After proposing a fix, I managed to build the LibreMesh firmware at its current stable release (17.06) using lime-sdk.
Then I built the latest LibreMesh code on top of forked OpenWrt 18.06 buildroot as suggested by the mentors; at first this was not possible on Arch Linux but after contacting with the community they updated the forked OpenWrt repository and it worked, thanks!
Finally, in order to be able to have the most updated OpenWrt code available, I compiled the latest LibreMesh code on top of the trunk (master branch, the unstable version) of OpenWrt buildroot, this was possible after adapting some configuration to the latest OpenWrt.
For pushing my code I forked lime-packages repository and created a gsoc2019 branch which can be accessed here.
Additionally, in case modifications to OpenWrt 18.06 core were needed, I will push them here.

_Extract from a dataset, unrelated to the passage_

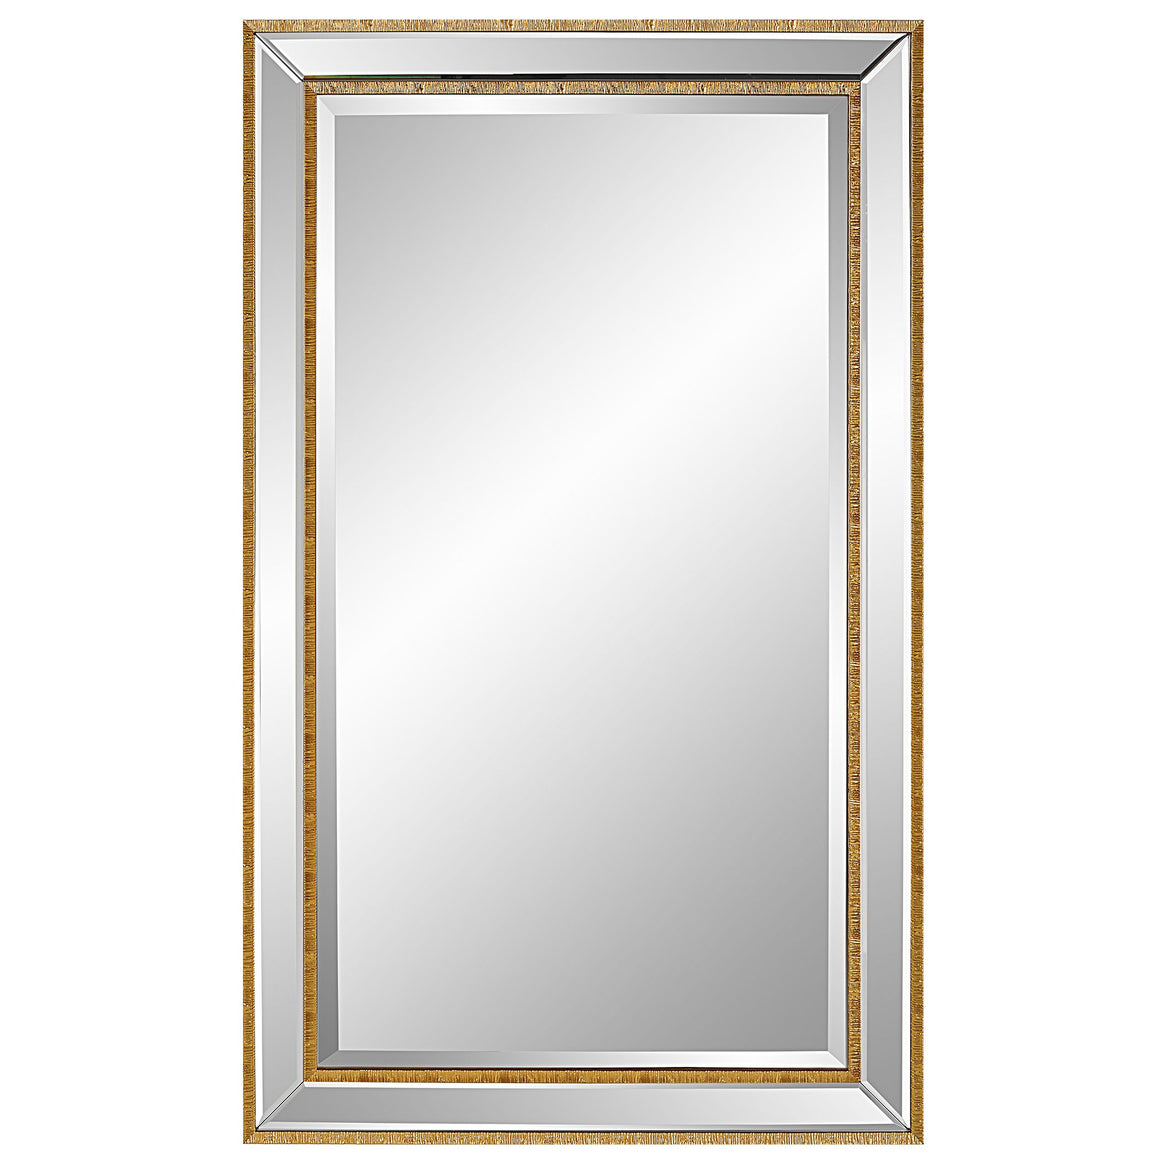 Textured Outer Frame Beveled Mirror-Gold

All the buildroot-based compilation methods are already setup with the new branch as a feed, while the possibility of a back port to the stable LibreMesh 17.06 release will be evaluated once the project is completed.

Objectives

  • Flash with LibreMesh 4+ routers (preferably different models with different performances, if needed buy some) and setup a test network;
  • define a set of information to collect, divide it in network safe (e.g. number of clients)/network intensive (e.g. bandwidth test) and understand how to collect this data;
  • understand how a Prometheus exporter works and develop one in lua for the “network safe” quantities;
  • choose a reasonable “network safe” quantity for identifying the usage peak of the whole network (e.g. number of clients);
  • develop a script that locally identifies the peak and the night time;
  • develop the scripts for the network intensive tests, these should also store on the flash memory the results;
  • discuss with the mentors if the previous logs can be overwritten or if they should accumulate on the router for a certain period of time, in the latter case implement it;
  • implement a strategy for avoiding network intensive tests on different routers to happen at the same time;
  • if for achieving this last point a synchronization of the routers’ clocks is unavoidable, find a converging way for doing so or an available tool which does not require internet access (no NTP);
  • write a small Prometheus exporter for serving the last peak and off-peak network intensive tests results;
  • write the init service;
  • create a Makefile for the package;
  • test in a real-world community;
  • adapt the code written for LibreMesh trunk version to run also on LibreMesh 17.06 release;
  • adapt the code to plain OpenWrt, evaluate needed dependencies, if possible push the created package to upstream repository.